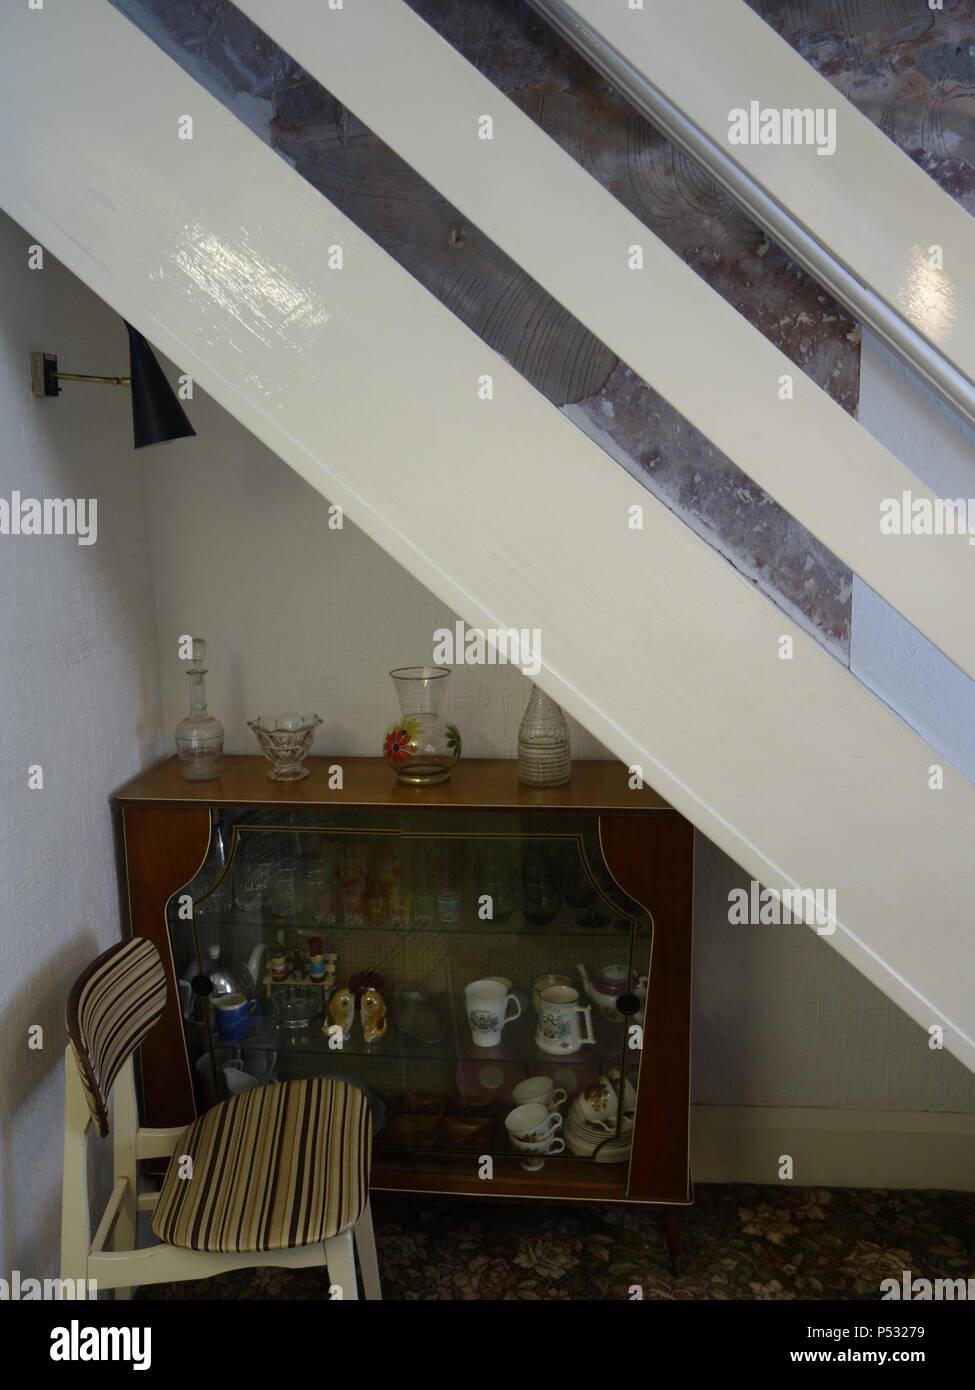 Vintage Zimmer einrichten als 1969 Time Capsule Stockfoto, Bild ...
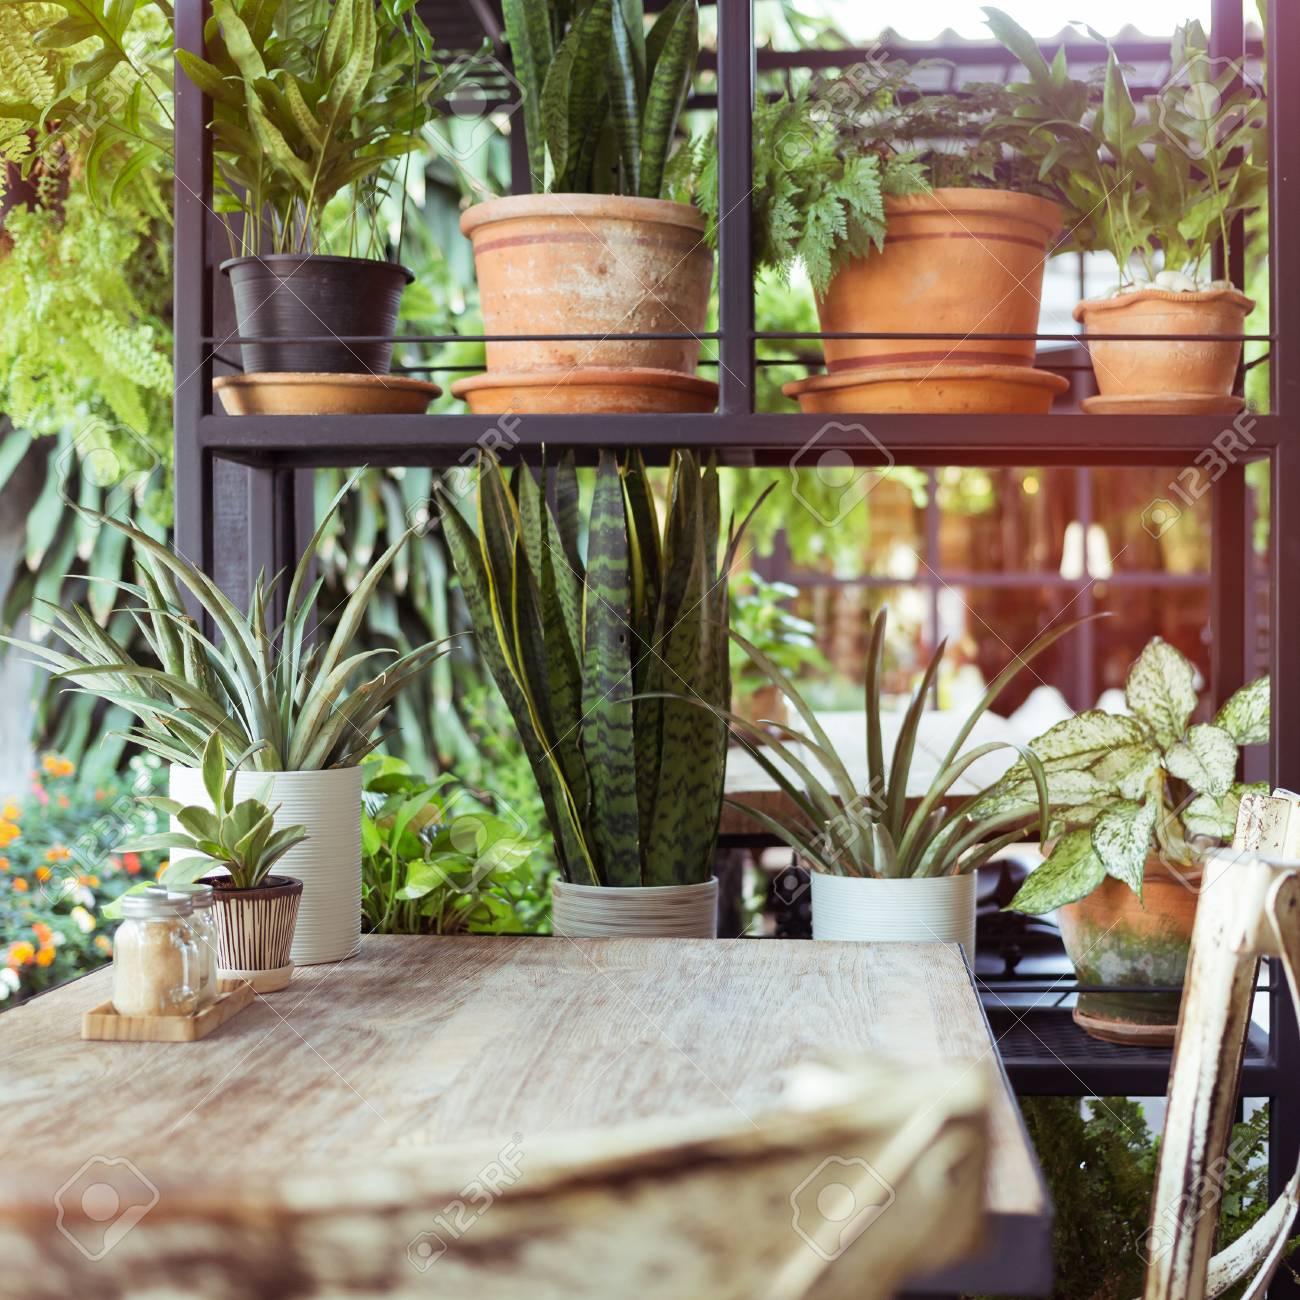 Dekoration Wohnzimmer Interieur Stil Grün Öko Umwelt Mit Pflanze Und ...
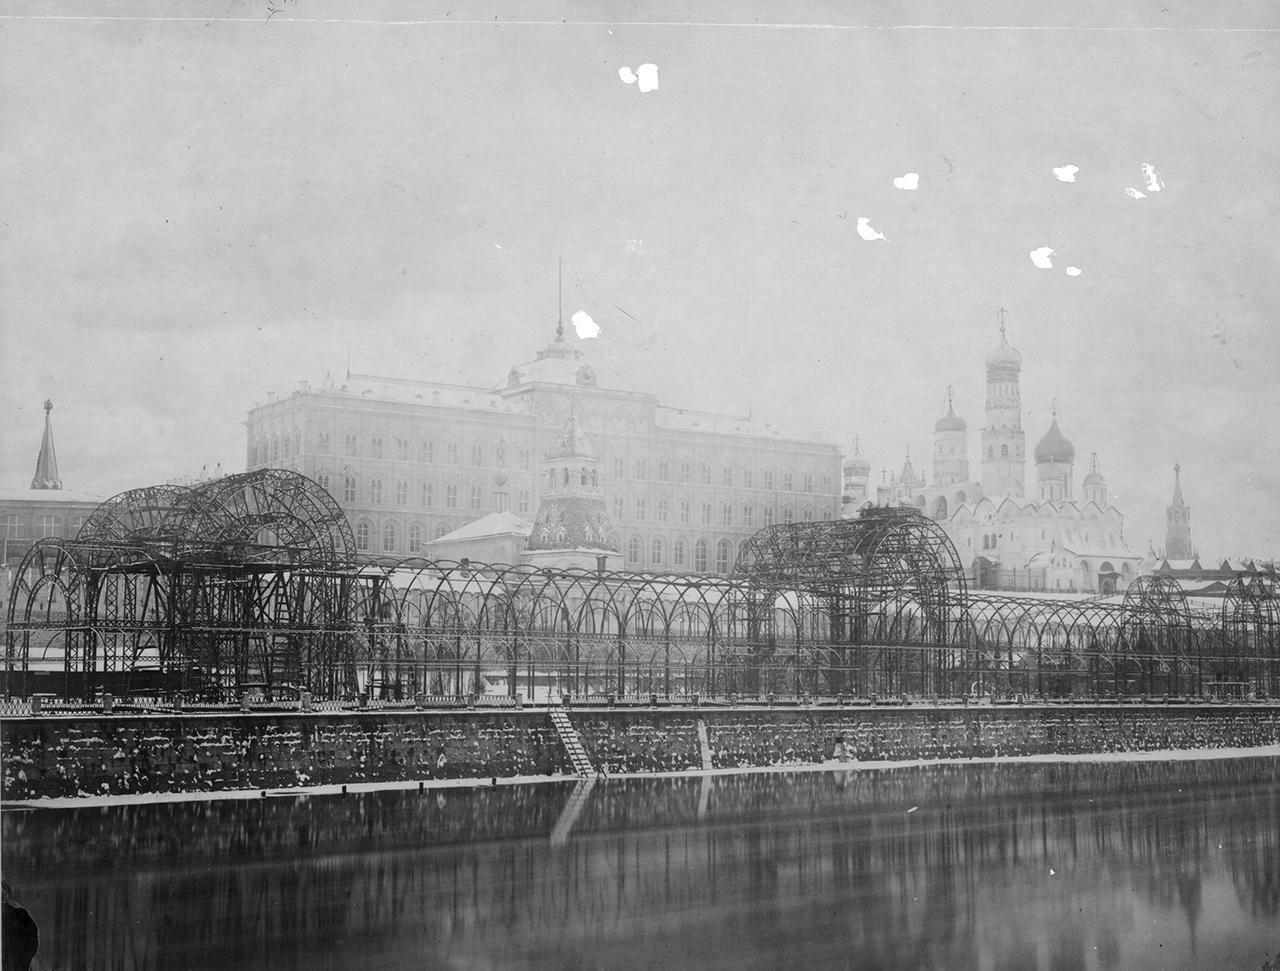 Кремлевская набережная. Строительство выставочного павильона
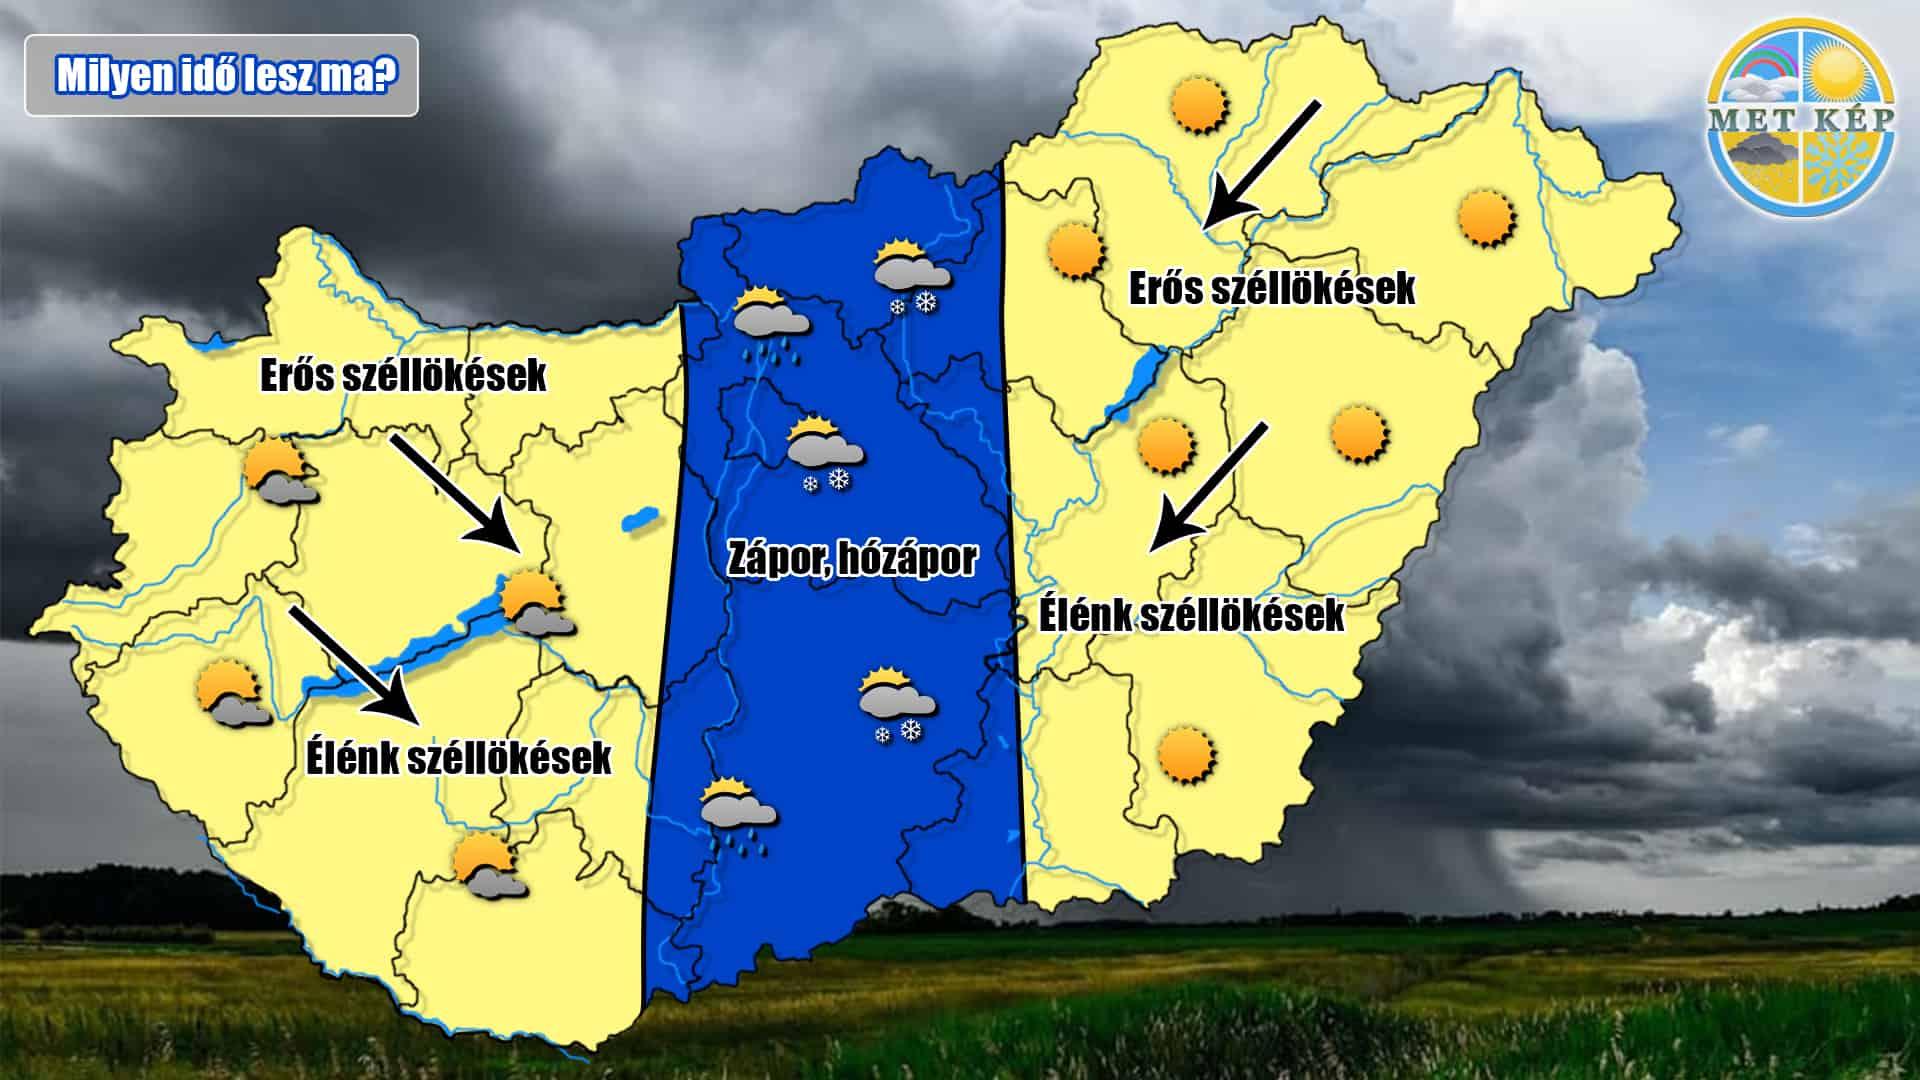 Milyen idő lesz ma? Esős, záporos, havas, vagy napos, netán szeles? Ezek mind!

-=-=-

■ DIRECTIONS:
The listing above should be repeated word for word, pictures removed.

■ EXERCISE OUTPUT:
 Vintage Zimmer einrichten als 1969 Time Capsule Stockfoto, Bild ...
 Dekoration Wohnzimmer Interieur Stil Grün Öko Umwelt Mit Pflanze Und ...
 Кремлевская набережная. Строительство выставочного павильона
 Milyen idő lesz ma? Esős, záporos, havas, vagy napos, netán szeles? Ezek mind!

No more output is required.